Exercise aim: With the pictures set aside, reproduce each entry precisely as it reads.

[Data records]
= Beginning of Section =

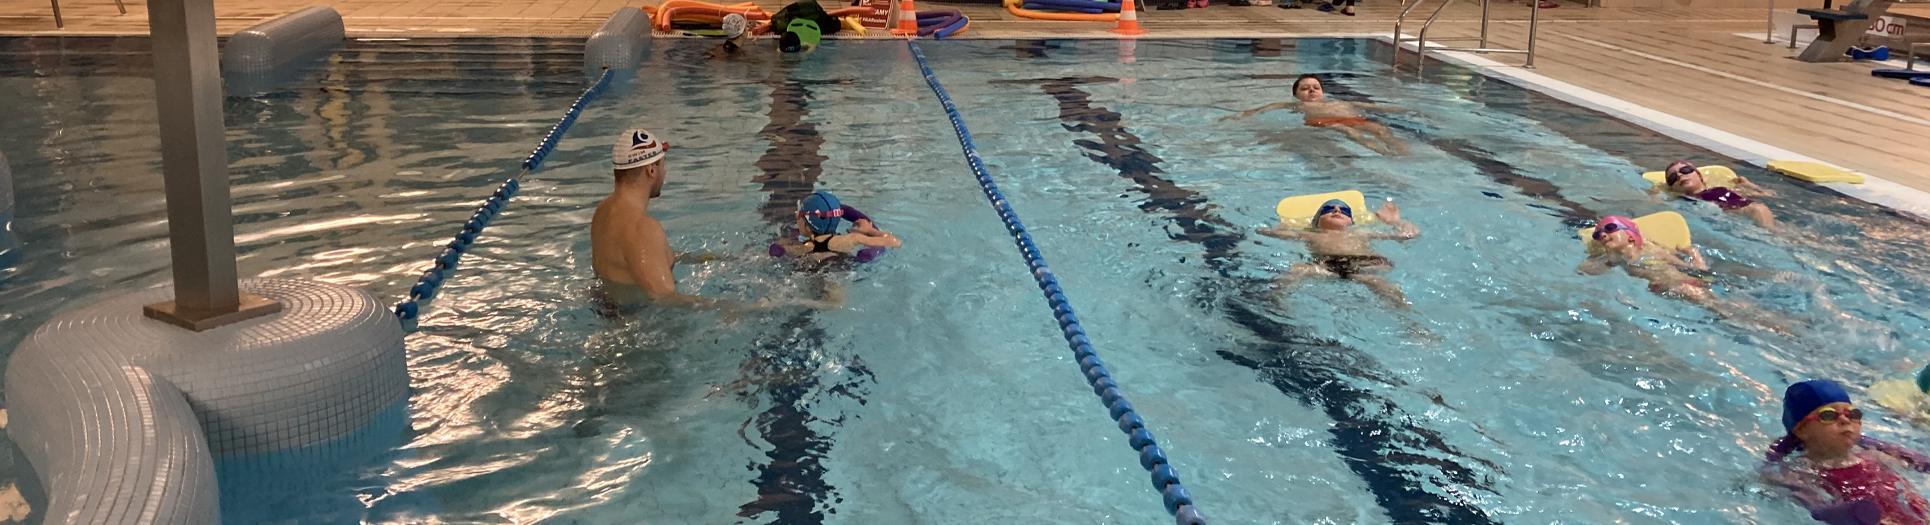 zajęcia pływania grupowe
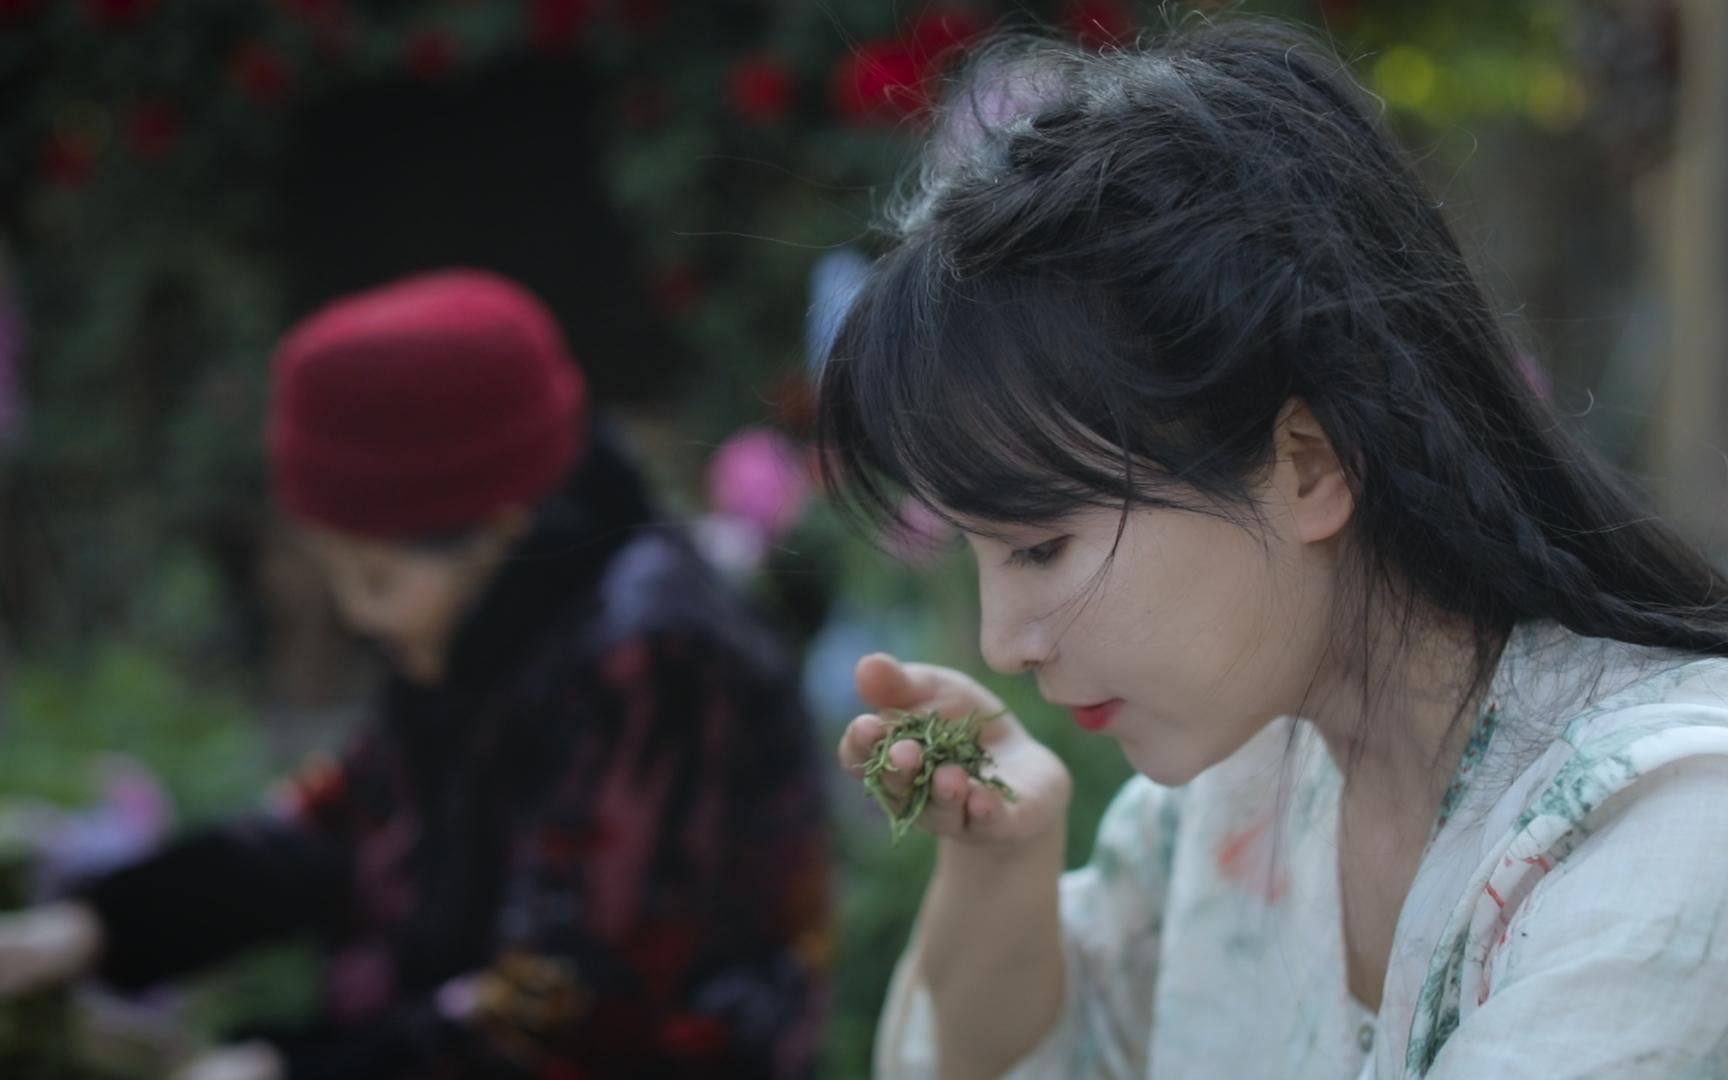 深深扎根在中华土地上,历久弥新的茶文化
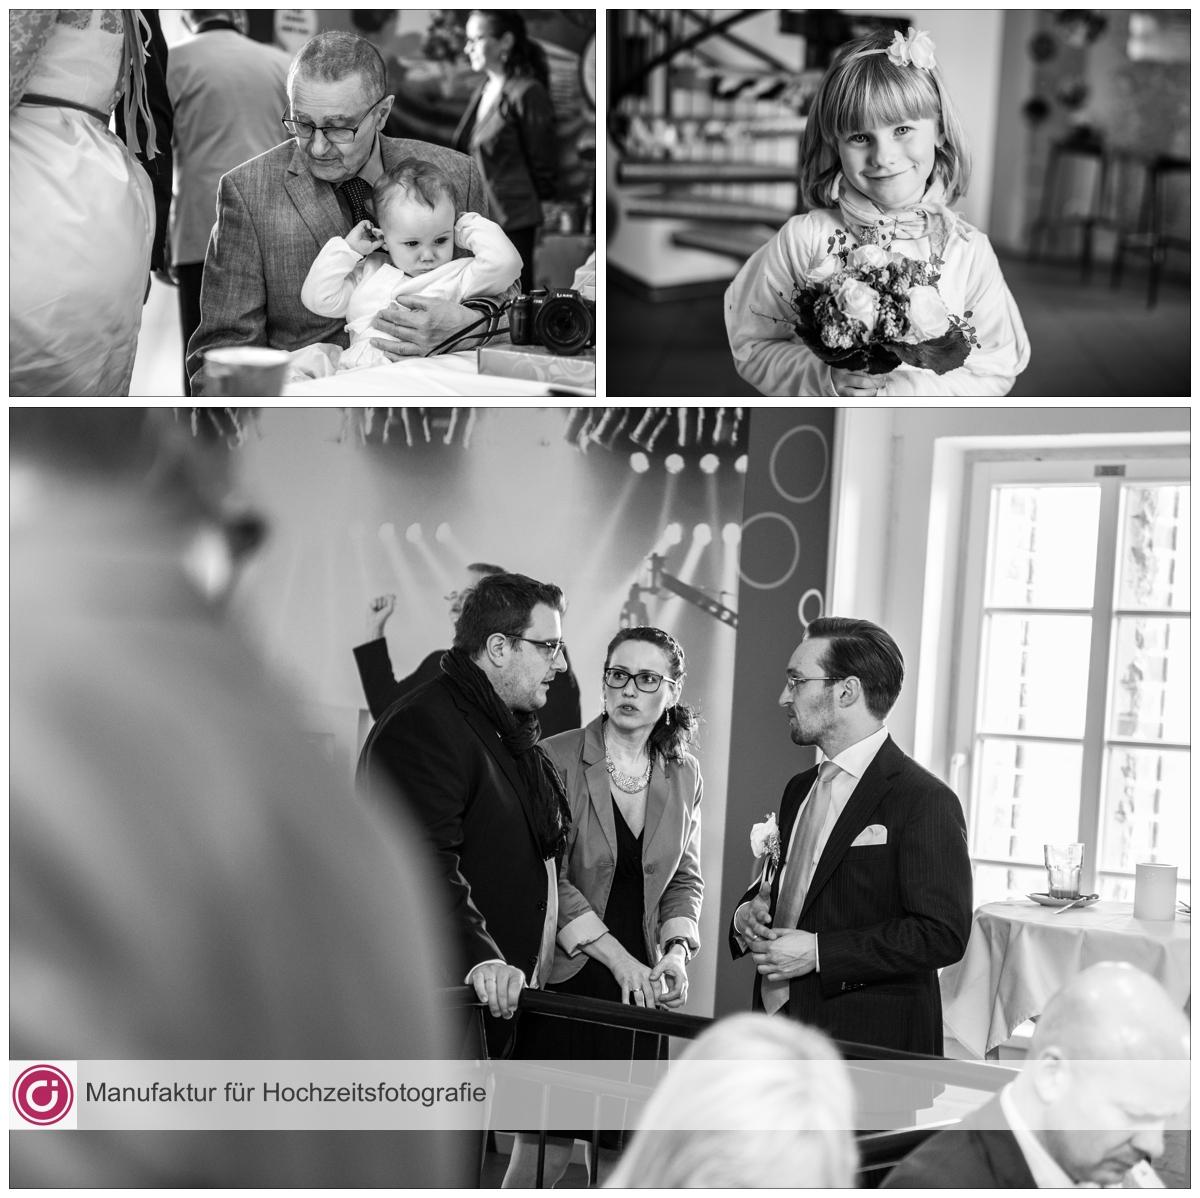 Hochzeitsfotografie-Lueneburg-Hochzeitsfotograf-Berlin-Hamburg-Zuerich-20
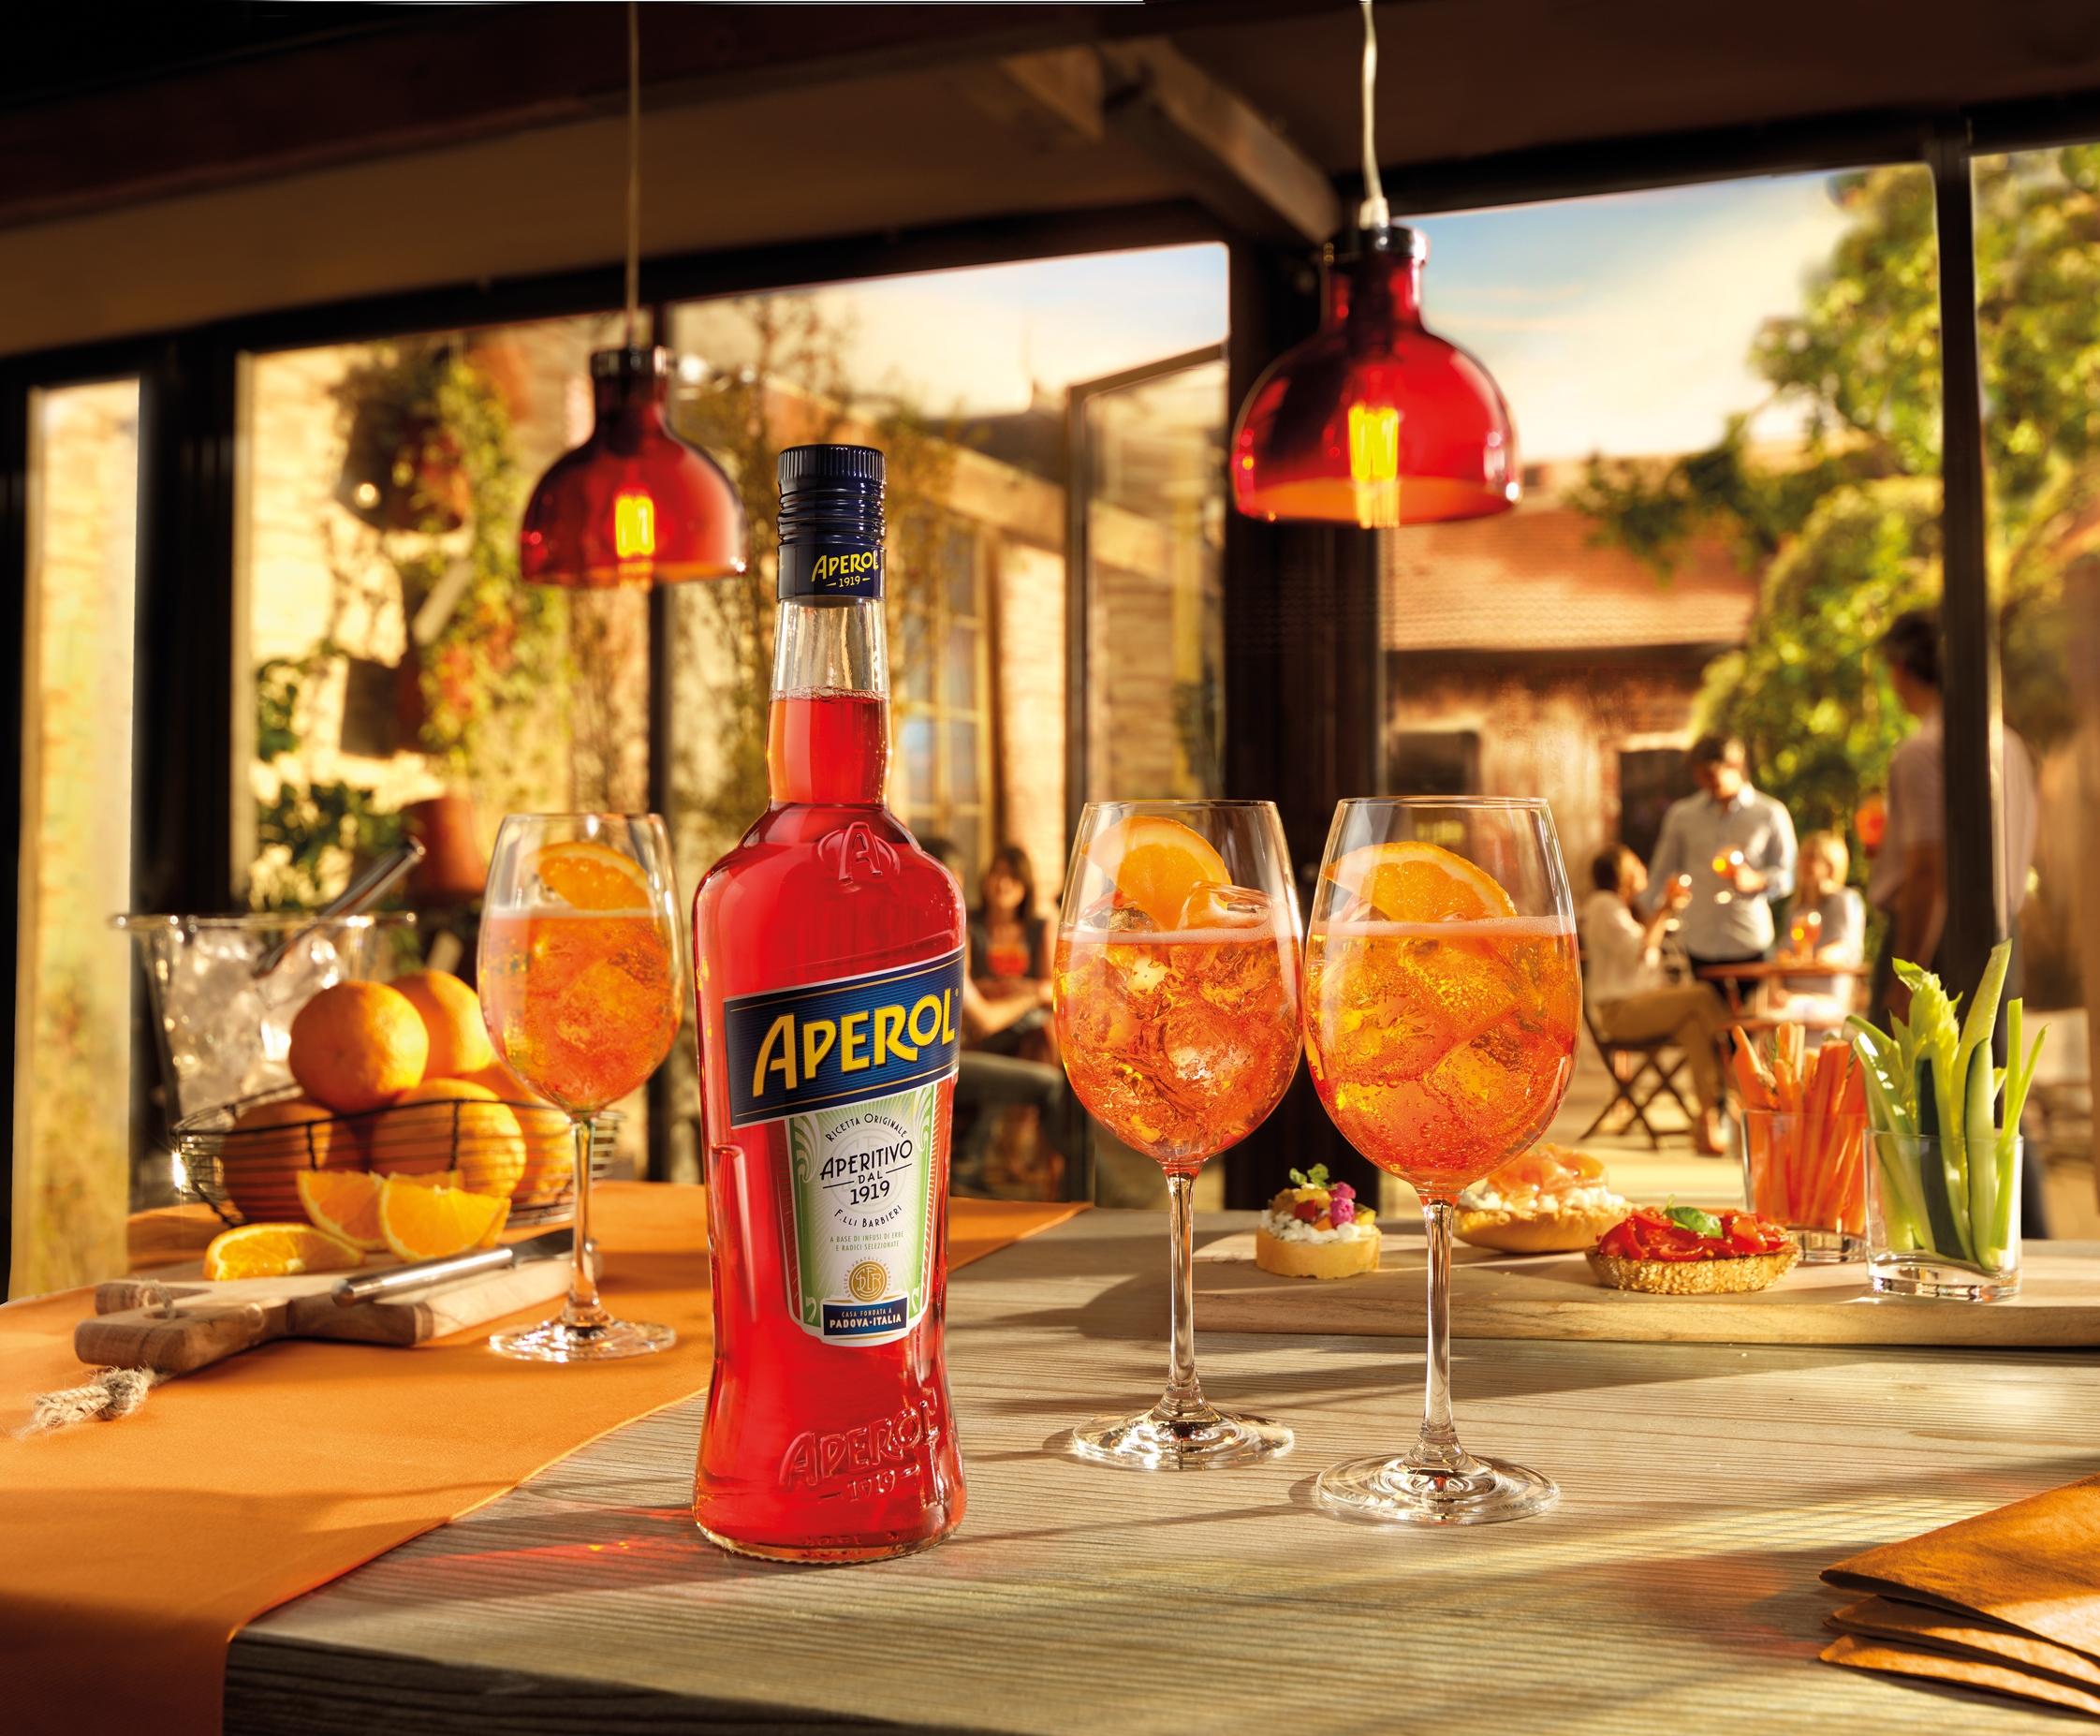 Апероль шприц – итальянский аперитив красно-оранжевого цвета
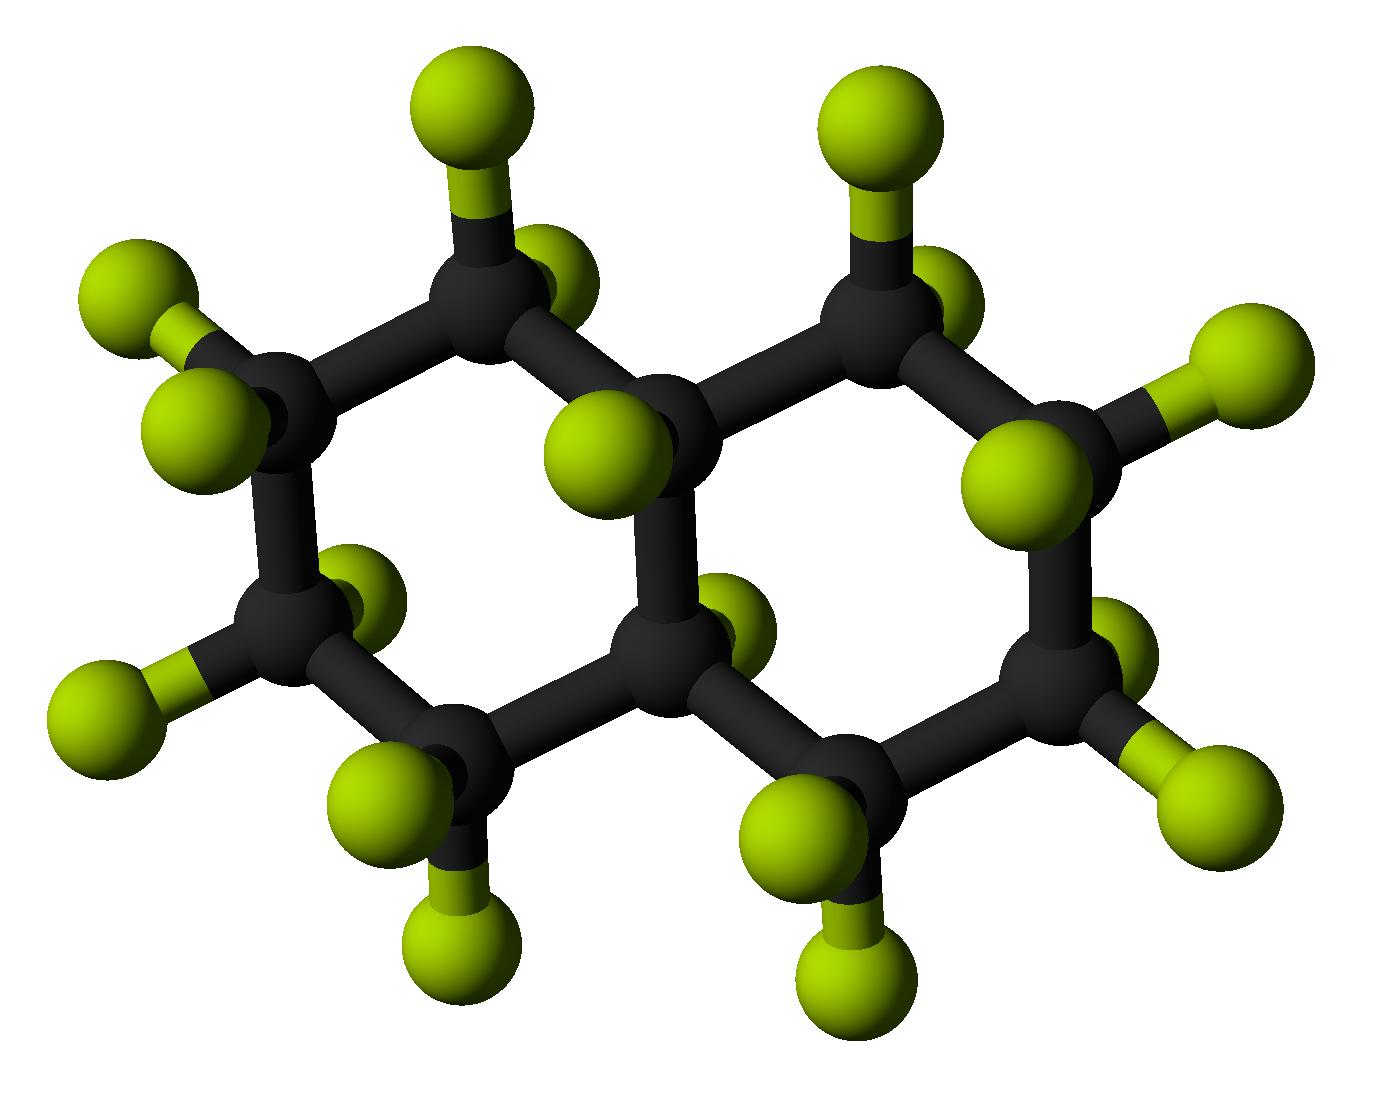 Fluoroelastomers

= End of Section =

Task result:
 zajęcia pływania grupowe
 深深扎根在中华土地上,历久弥新的茶文化
 Hochzeitsfotografie-Lueneburg-Hochzeitsfotograf-Berlin-Hamburg-Zuerich-20
 Апероль шприц – итальянский аперитив красно-оранжевого цвета
 Fluoroelastomers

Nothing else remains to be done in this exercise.